I constructed a 98% confidence interval on a sample of 45 players. Since this confidence level is high, the interval was quite wide.

I have 98% confidence that the true average weekly salary is between 48366.561 and 110522.328 GBP.

6.6.2. Hypothesis Testing for Categorical Data#

Exercise 1#

1. Pick another country (perhaps your country of origin or another country you are interested in) and filter the observations to just include responses from that country.#

For this sample solution, we have chosen to look at trust in scientists in Ethiopia. (To pick a different country, change the value of the variable country1.)

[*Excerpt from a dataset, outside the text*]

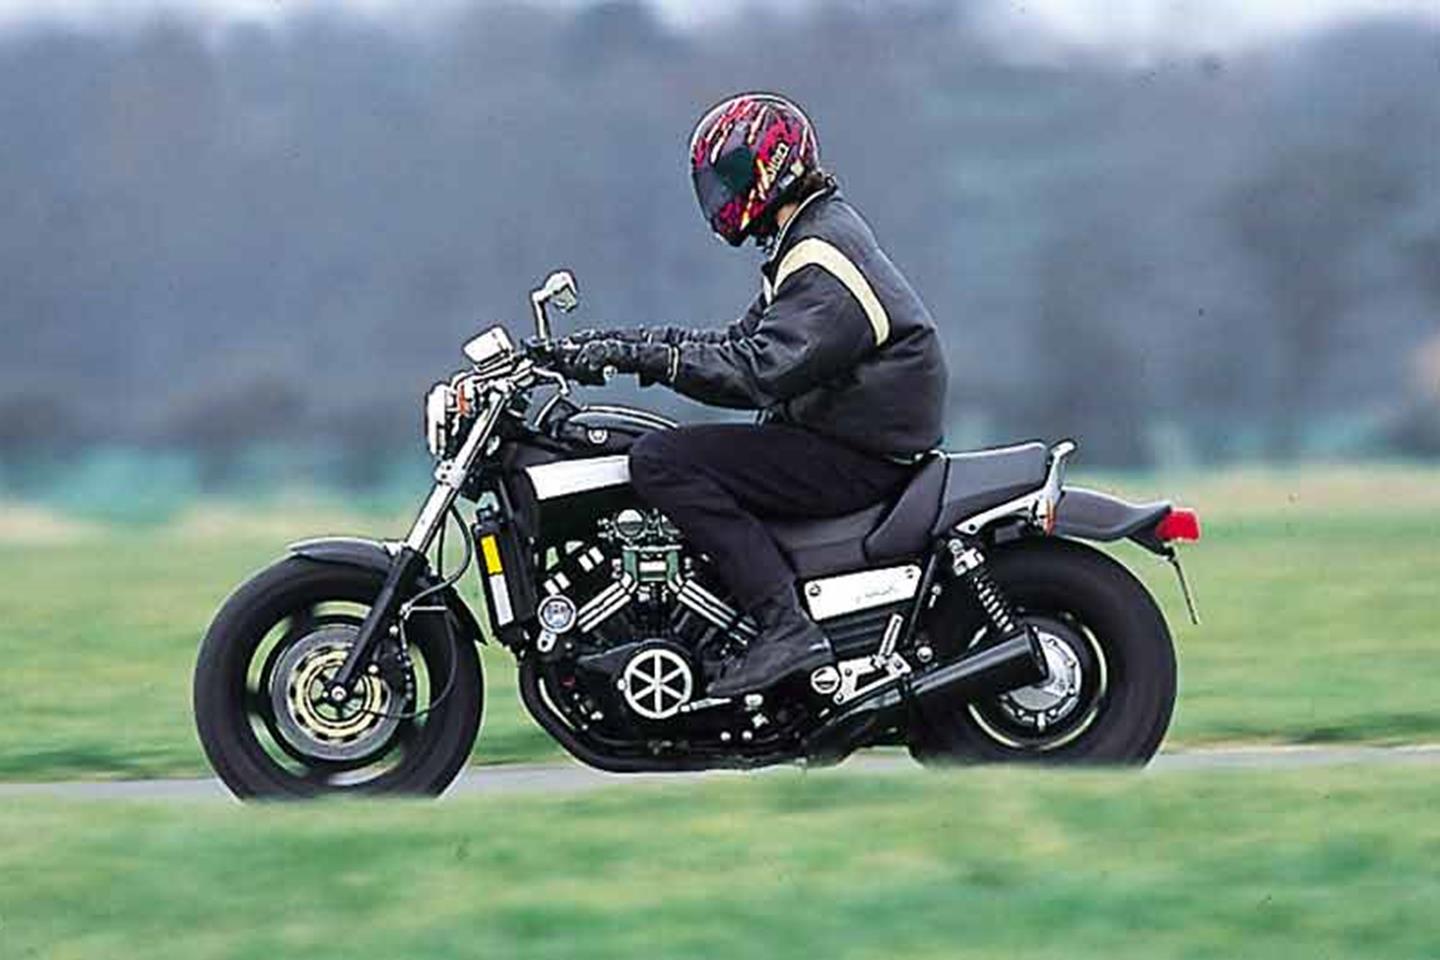 FZR 600 1990-1999 MC Front Rear Brake Pads For Yamaha V-Max 12 Vmax 1993-2007

After loading in the Wellcome Global Monitor survey data (click here to download a copy), we create a new dataframe called wgm_country1 that includes only the observations for Ethiopia.

country1 = "Ethiopia"
wgm = pd.read_csv("wellcome_global_monitor_2018.csv")
wgm_country1 = wgm[wgm["Country"] == country1]

../../_images/8d0260875c2db72f028cee0df28ac96068c4919252611a6cdea1bbf1ba465759.png

2. Make a hypothesis about the proportion of all the people in your chosen country that have high trust in scientists. For example, do you think it is over 20%? Under 15%? Make any hypothesis you like.#

Our null hypothesis is that the proportion of people with high trust in scientists in Ethiopia is 15%. Our alternative hypothesis is that the proportion is not 15%. Note that this is a two-sided hypothesis.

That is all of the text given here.